O Copom se referiu cripticamente à "taxa de juro de equilíbrio". O que significa isso? Qual seria essa taxa de equilíbrio? O Banco Central não dá pistas. Mas, se tomarmos o levantamento das expectativas de mercado compilado pelo Banco Central, a projeção mediana para a taxa básica de juro é 12% no final de 2007.
Admitindo-se uma inflação esperada da ordem de 4%, a taxa real básica do Brasil ainda seria da ordem de 8% no final do ano que vem! Um nível muito elevado para padrões internacionais, uma vez que a média dos principais países desenvolvidos e emergentes tem oscilado entre 1,5% e 2,5% no período recente.
Em termos internacionais, o Brasil parece estar ficando cada vez mais para trás, especialmente quando se compara o nosso desempenho com o dos demais países emergentes. Enquanto o PIB do Brasil cresce menos do que 3%, o crescimento médio dos emergentes supera 6%. A China cresce 10%; a Índia, 9%; a Argentina, 8%; a Rússia, 7%. Até o México, único dos principais emergentes que vinha ombreando com o Brasil em termos de crescimento medíocre, aumentou o seu ritmo para quase 5%.

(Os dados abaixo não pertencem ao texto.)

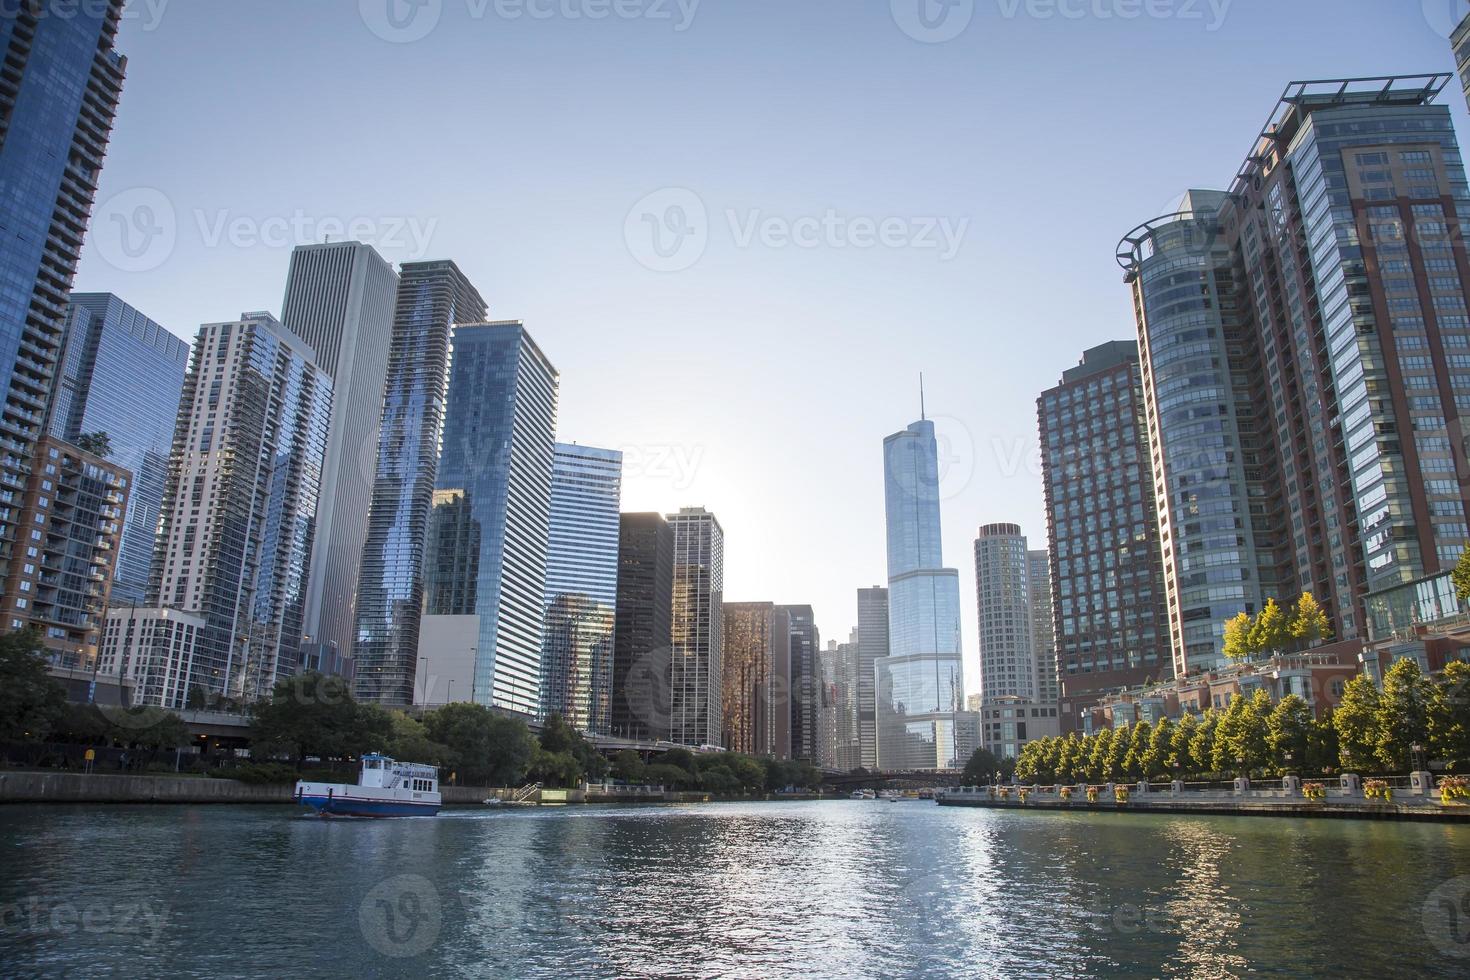 stati uniti d'america - illinois - chicago, chicago river skyline foto

Não basta, evidentemente, substituir a diretoria do Banco Central. Como diz um amigo meu, os meirelles e os bevilacquas se reproduzem por cissiparidade. É grande o risco de simplesmente acabar trocando seis por meia dúzia. O fundamental é reformar as instituições monetárias, de maneira a alterar em profundidade o arcabouço em que são tomadas as decisões referentes a juros, câmbio e crédito no Brasil e torná-las mais compatíveis com o desenvolvimento da economia.
O meu espaço acabou. Volto ao assunto, talvez na semana que vem.


PAULO NOGUEIRA BATISTA JR., 51, economista e professor da FGV-EAESP, escreve às quintas-feiras nesta coluna. É autor do livro "O Brasil e a Economia Internacional: Recuperação e Defesa da Autonomia Nacional" (Campus/ Elsevier, 2005).